Linux magic wand - was Re: [Beowulf] Re: "hobbyists"

Lawrence Stewart larry.stewart at
Tue Jun 24 21:11:06 EDT 2008

Mark Hahn wrote:
> so the question is, if you had a magic wand, what would you change in 
> the kernel (or perhaps libc or other support libs, etc)?  most of the 
> things I can think of are not clear-cut.  I'd like to be able to give 
> better info from perf counters to our users (but I don't think Linux 
> is really in the way).  I suspect we lose some performance due to jitter
> injected by the OS (and/or our own monitoring) and would like to improve,
> but again, it's hard to blame Linux.  I'd love to have better options 
> for cluster-aware filesystems.  kernel-assisted network shared memory?
> _______________________________________________
There's a good rant to be written for Usenix or the Ottowa Linux 
Symposium I suspect.

VM - 4096 is small now.  In 1976 a page was 512 bytes.  It moved to 4096 
in the mid '90s?  I forget.
Since then computers and memory bandwidths are much bigger and faster.  
The telling point for me was that I took
a look at a running system and there were only a couple of <hundred> VM 
areas in service, so page breakage
amounts to almost nothing.  We run with 64K pages and plan to experiment 
with much larger ones.

One could argue about thread stacks, but I think that threads and HPC 
don't mix well, so there won't be that
many.  I am aware of the great debate about the right way to program 
high core-count nodes, but I
doubt that more threads than processors is the right answer.

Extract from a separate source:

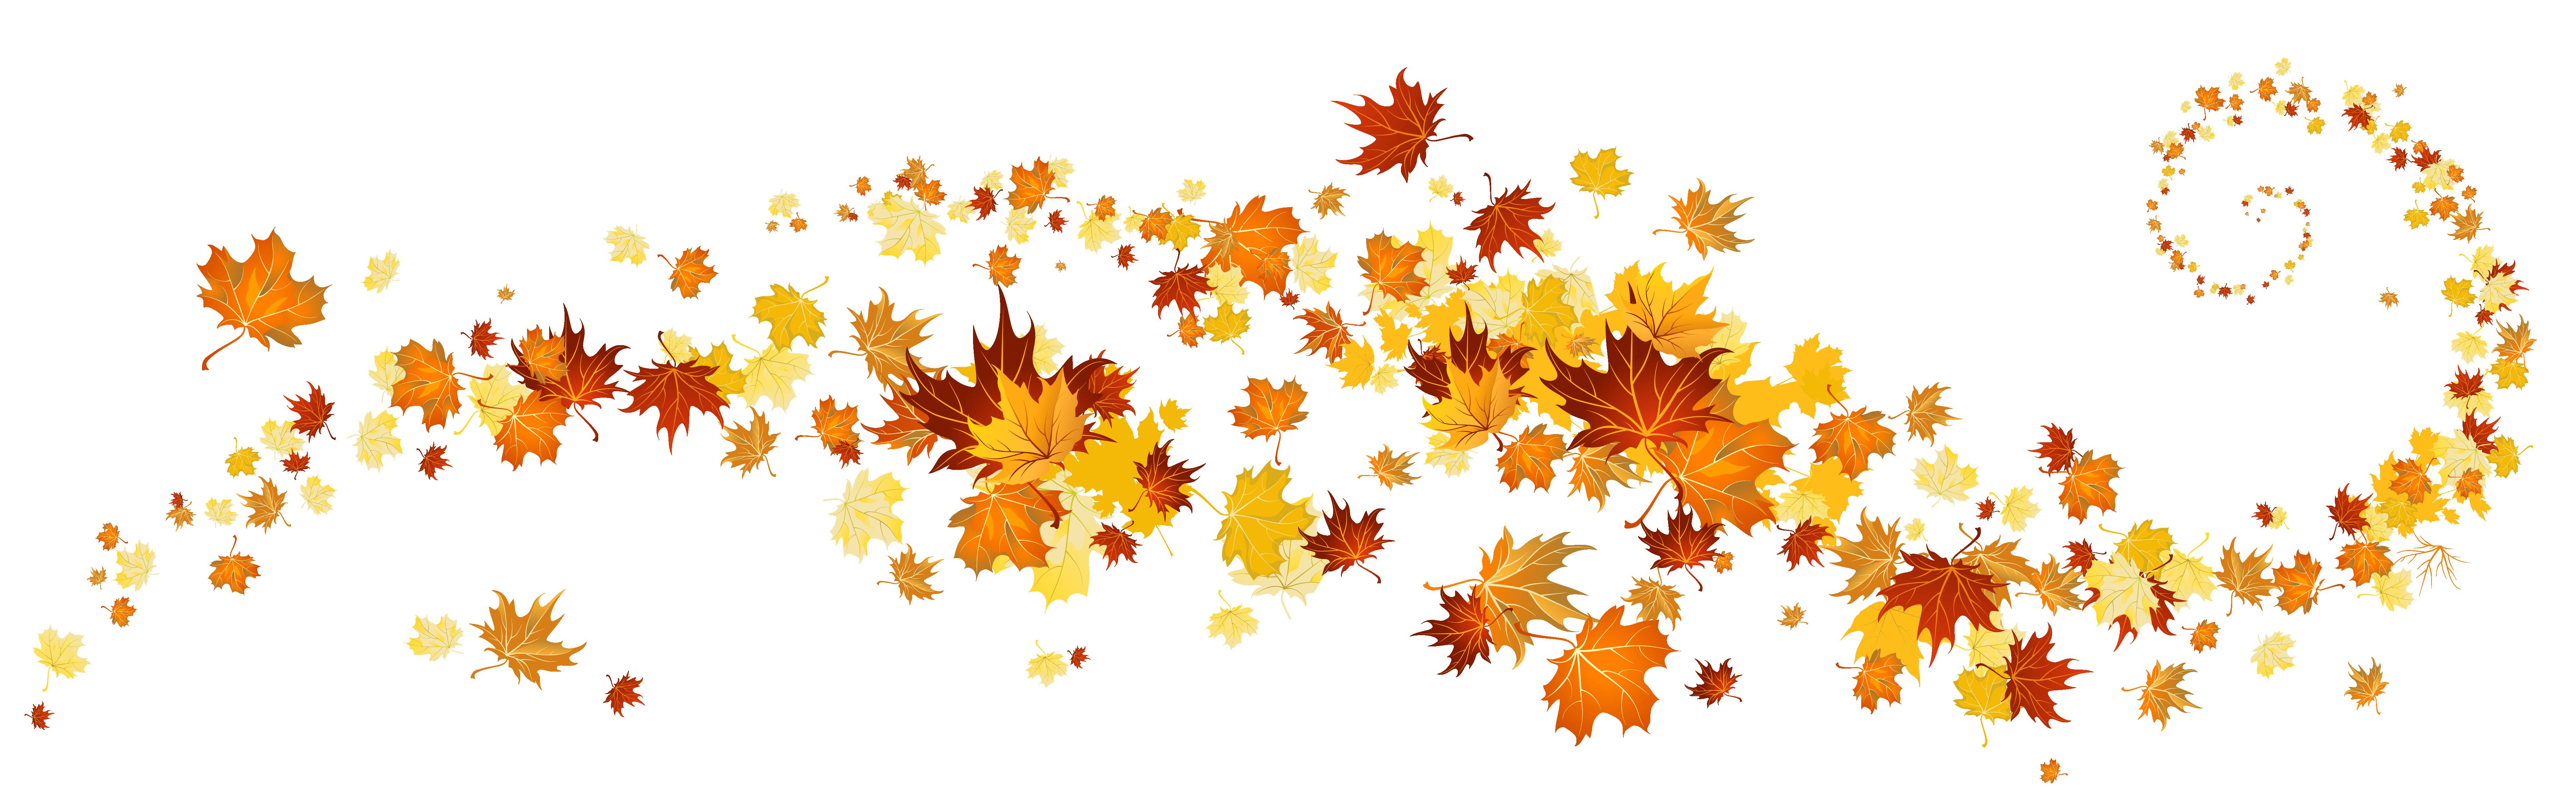 Free Fall Leaves Clip Art - Clipartall-Free Fall Leaves Clip Art - clipartall-16

Linux also has pretty poor mechanisms for keeping physical memory 
contiguous, the slabs tend to
get fragmented, which is why the big page stuff and things like 
bigphysarea get preallocated.  There's
no good reason why you couldn't compact memory on the fly.

The VM system is also in the way of OS bypass RDMA NICs - you either get 
large kernel patches
like Quadrics to let virtual RDMA work, or you get pinning and 
registration and other performance
sapping cruft.  The new external-pager stuff may help a lot here, I 
haven't looked at it yet.

I/O system

The block device layer has 512 byte sectors wired in, and is solely 
useful for devices that you own
exclusively.   You've got queueing going on at multiple levels, I think 
because the architecture has
assumptions about cpu/disk performance ratios baked in.  And the 
segments of a bio have to complete
in order, what's that about?  A little one we ran into here is that the 
block I/O system doesn't know
if an I/O is to satisfy an I stream page fault or a D stream page 
fault.  Consequently if your L1 Icache
is not coherent (and few are) you have to flush it on all read 
completions.  A little book keeping would
solve that. (I hope I am wrong about this one!)

File systems

Agree complelely about cluster aware FS.  We struggle with the Lustre 
patch sets, which may be an
extreme case.

Performance stuff

We are big users of the PAPI infrastructure, which is pretty good, but 
once you step off that train you
have to deal with things like sysfs.  So we're trying to read hardware 
counters without undue disturbance
to running HPC applications, and the advice of Linux is to make a system 
call for each value, converted to
ascii.  This makes sense for slow admin stuff but not for performance 
data.  At least it isn't XML.

Runtime system

I tend towards thinking we would be better off without shared 
libraries.  Memory is big, programs are
generally small.  There is a lot of complexity here, to which I am 
allergic.  To the extent that shared
libraries make the program slower (due to separate segments for library 
data, for example), lets
get rid of them.  Two arguments in favor are when the library is 
implementing a system service
chosen by the admin, rather than the programmer (PAM modules), and there 
is this talk about
MPI ABIs, so applications can use alternate packages without relinking.  
I think that is a bad idea
too, but it is off-topic.

OS noise

This becomes a big issue in large systems.  There's way too much stuff 
running in linux, each piece
separately designed, each thread with its own notions of timing and 
periodic wakeups.  Maybe the OS
should run on a separate node altogether, and you communicate with it 
via RDMA.   All that is
left behind is maybe memory management.